● Given records:
■ ■ ■ ■

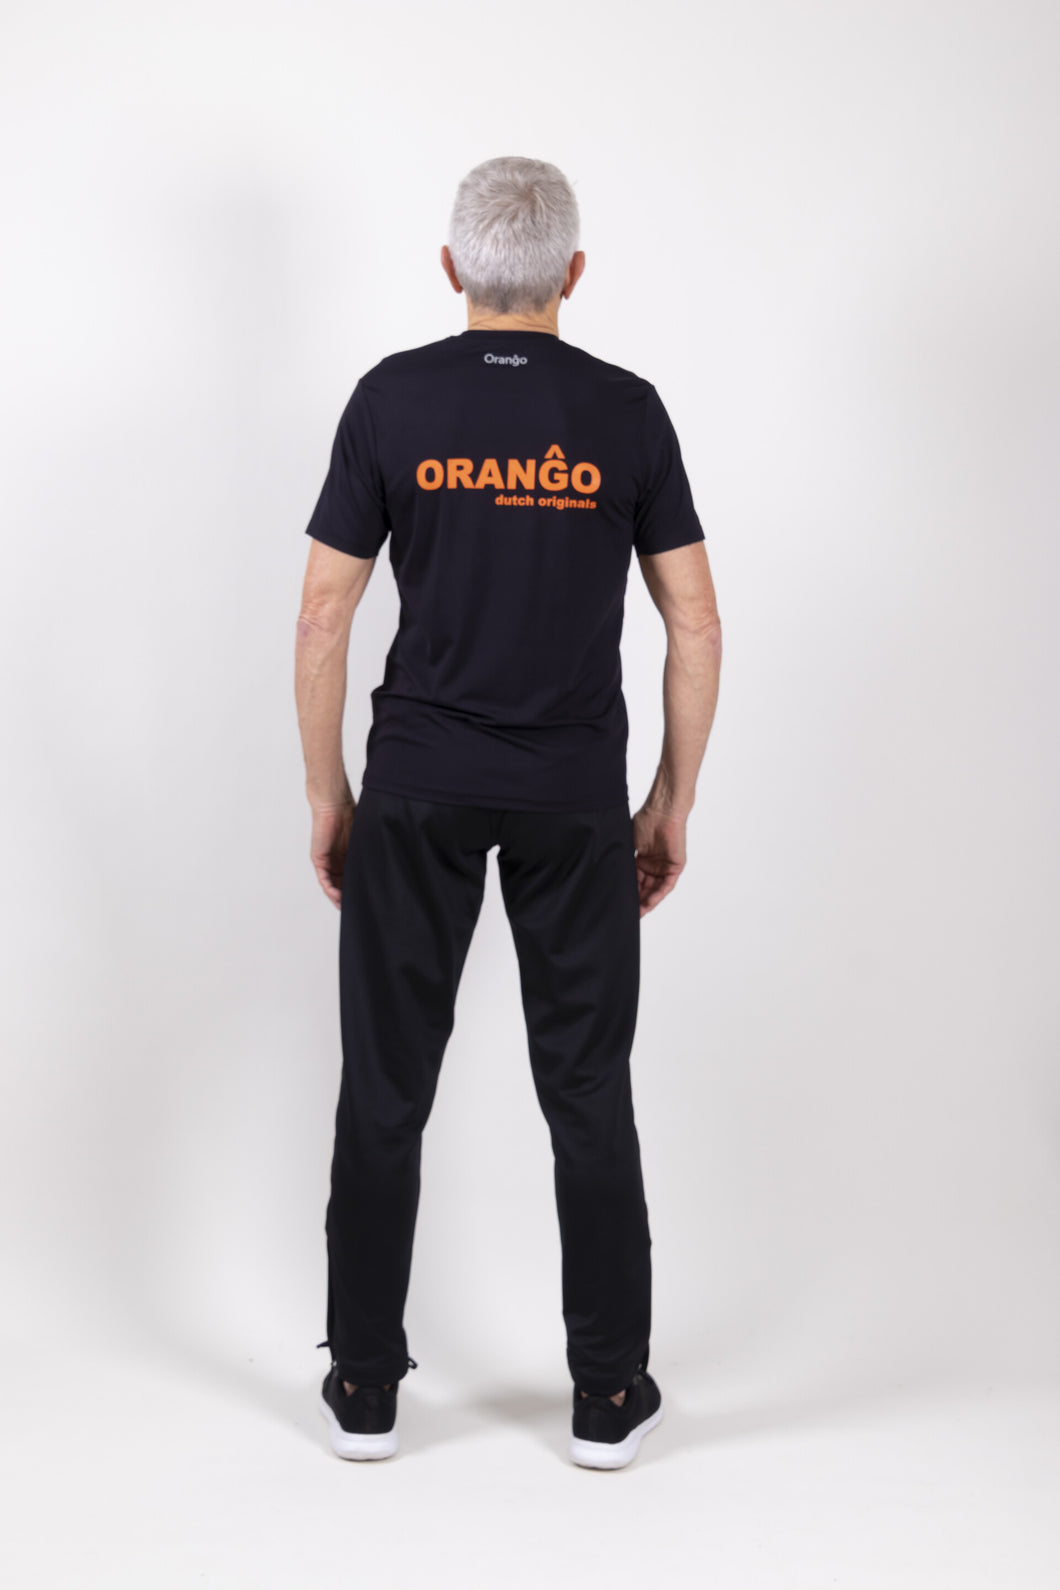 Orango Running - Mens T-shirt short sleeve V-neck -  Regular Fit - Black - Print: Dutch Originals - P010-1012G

■ ■ ■ ■

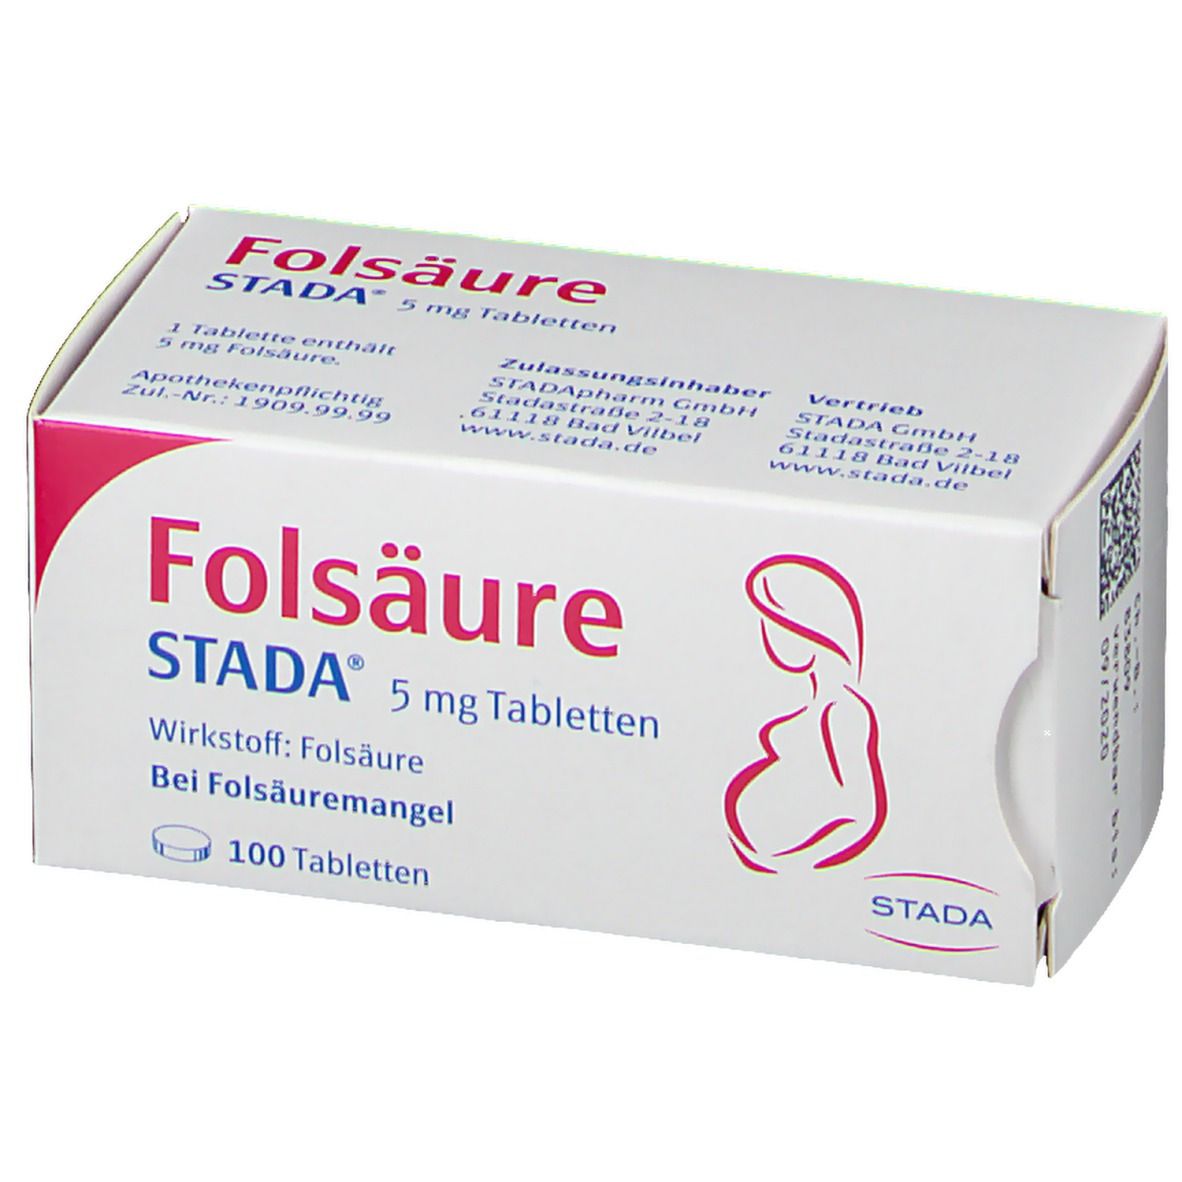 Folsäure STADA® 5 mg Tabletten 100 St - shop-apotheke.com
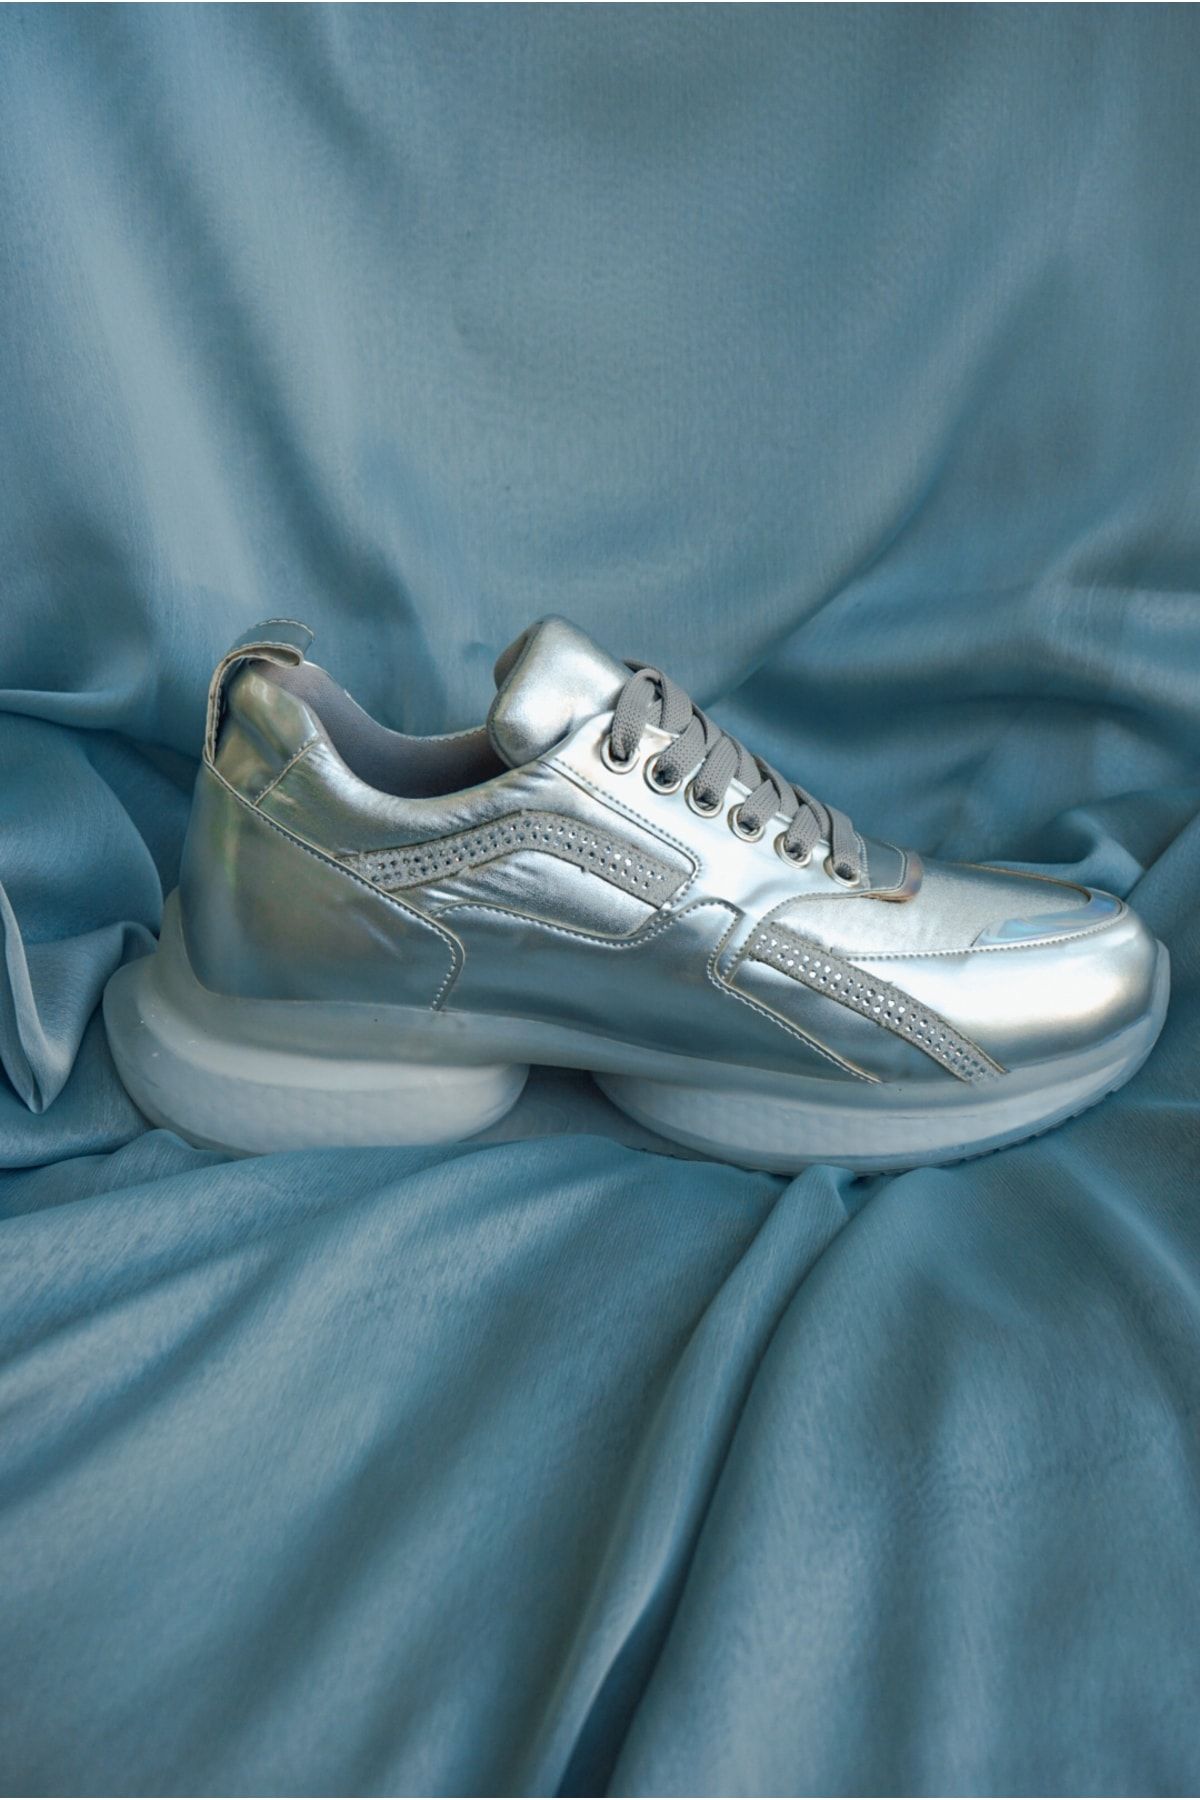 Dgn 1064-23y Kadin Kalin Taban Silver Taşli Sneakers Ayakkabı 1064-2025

■ ■ ■ ■

● What is required: Between and including the line above that contains "Folsäure STADA® 5" and the line that contains "Dgn 1064-23y Kadin", restate every line word for word. Pictures stay out.

● Problem solution:
 Folsäure STADA® 5 mg Tabletten 100 St - shop-apotheke.com
 Dgn 1064-23y Kadin Kalin Taban Silver Taşli Sneakers Ayakkabı 1064-2025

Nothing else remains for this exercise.